It should be clear that very large text corpora may be needed to obtain a sufficient number of phonetically  rich sentences. In some corpora phonetically  rich does not only mean that an attempt has been made to obtain uniform phoneme  frequencies, but also uniform diphone  or triphone  frequencies. When designing phonetically  rich sentences intended to be read by members of the general public  (e.g. in the POLYPHONE  corpora) care must be taken to avoid very long sentences, because these are extremely difficult to read aloud. Moreover, all sentences must be checked for very rare words (which are likely to cause reading problems) and for contents which are potentially insulting. In POLYPHONE , candidate sentences had to contain at least four words and a maximum of 80 characters, including spaces and punctuation marks . The latter condition guarantees that the prompting  text will not span more than two lines on the prompting  sheet (40 characters per line).
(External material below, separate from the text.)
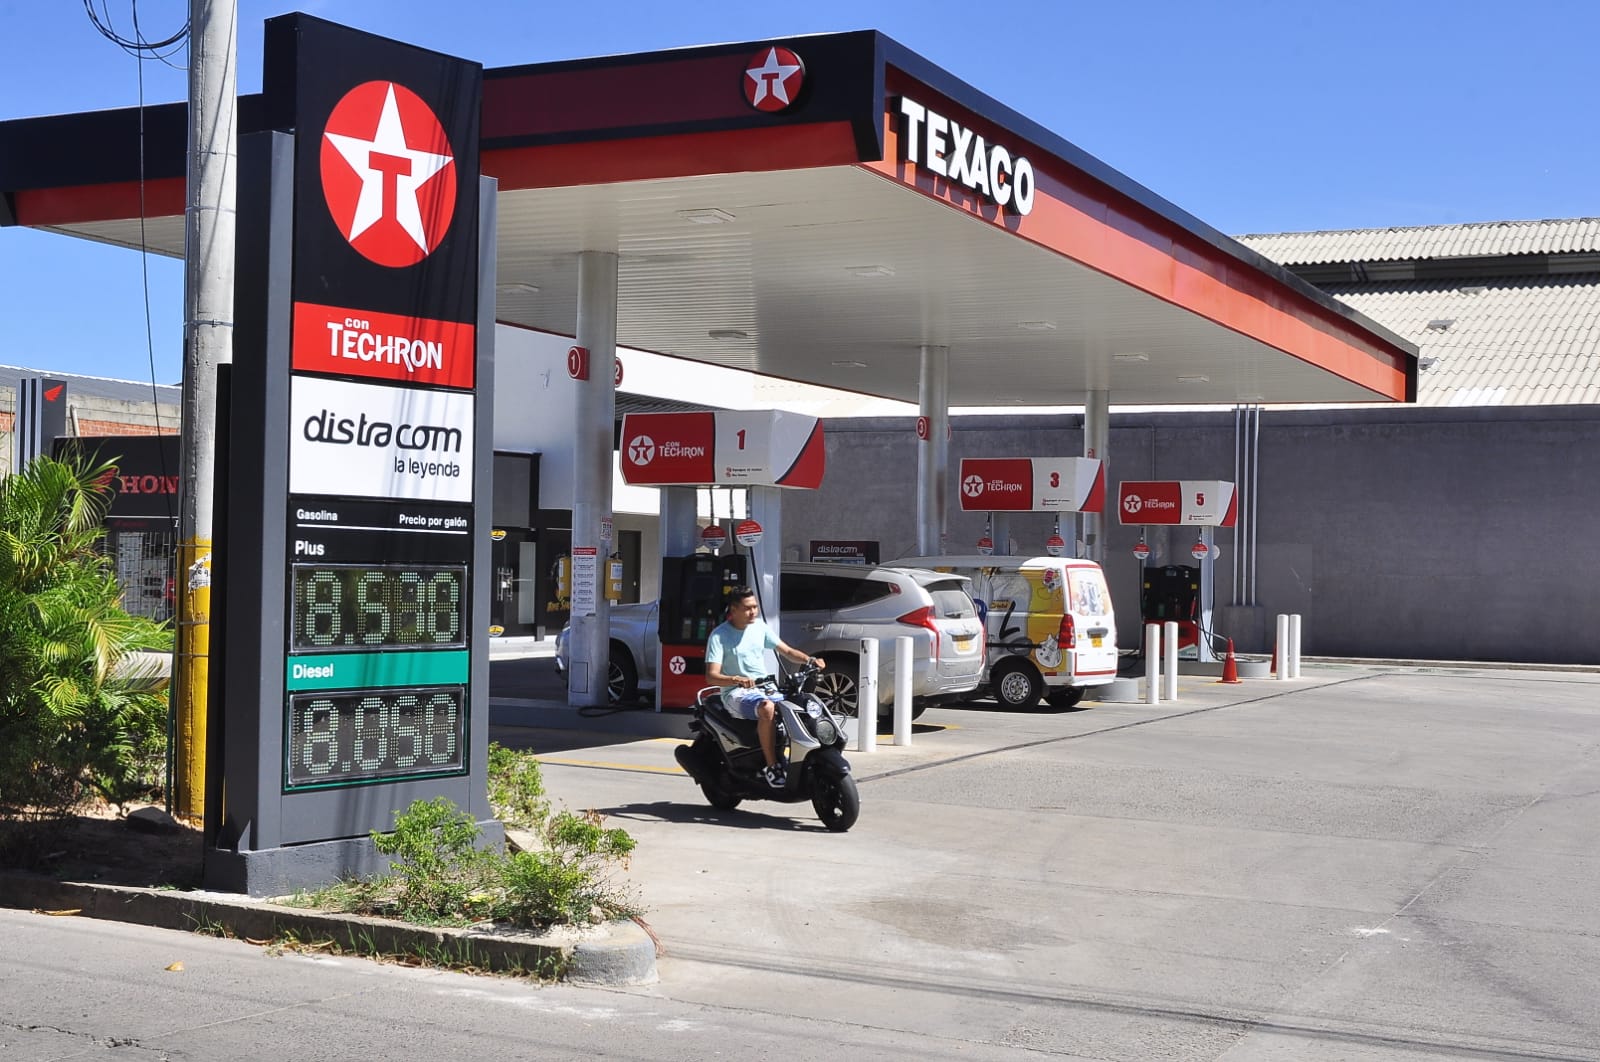 El valor promedio de un galón de gasolina corriente en Valledupar, Cesar, es $8.589                                                 / FOTO: JOAQUÍN RAMÍREZ.

Selection of sentences on the basis of length and phonemic contents can be done automatically. However, checking for insulting contents must be done manually.    

Read aloud text fragments


The naturalness  of the produced speech may increase even more when speakers read aloud a series of sentences that are semantically related, provided that the subject is able and used to reading aloud paragraph length material. The prompting  material can consist of a text fragment taken from, for instance, a newspaper  or a book (e.g. BREF, Wall Street Journal) . But the text fragment can also be created by the experimenter, when it is necessary to impose some specific restrictions on the speech material, for instance with respect to phonemic  structure, word structure, or syntactic structure. Reading aloud a text fragment is more difficult than reading aloud a list of isolated sentences . It is very likely that the speech produced by different speakers who are asked to read a text fragment will vary considerably, especially with regard to aspects like vividness, speech rate, omitted speech segments, prosody , etc. The preferred position of sentence accents  in a text fragment can be indicated with capitals or boldface characters. This is not recommended if one is interested in more natural speech.  

Semi-spontaneous speech


When speech corpora are gathered for commercial applications, a common task of speakers is to read numbers or alpha-numerical expressions, such as ZIP-codes . Speakers have to some extent the freedom to pronounce these numbers or alpha-numerical expressions as they like. For example, there appear to be substantial differences between the ways in which subjects express telephone numbers. Some may read the telephone number as a string of digits, whereas others may read it as a string of numbers containing two or more digits. In addition, it may make a difference whether the telephone number is familiar (for instance, a friend's number), or unfamiliar. The POLYPHONE  corpora are good examples of corpora that contain such semi-spontaneous speech .  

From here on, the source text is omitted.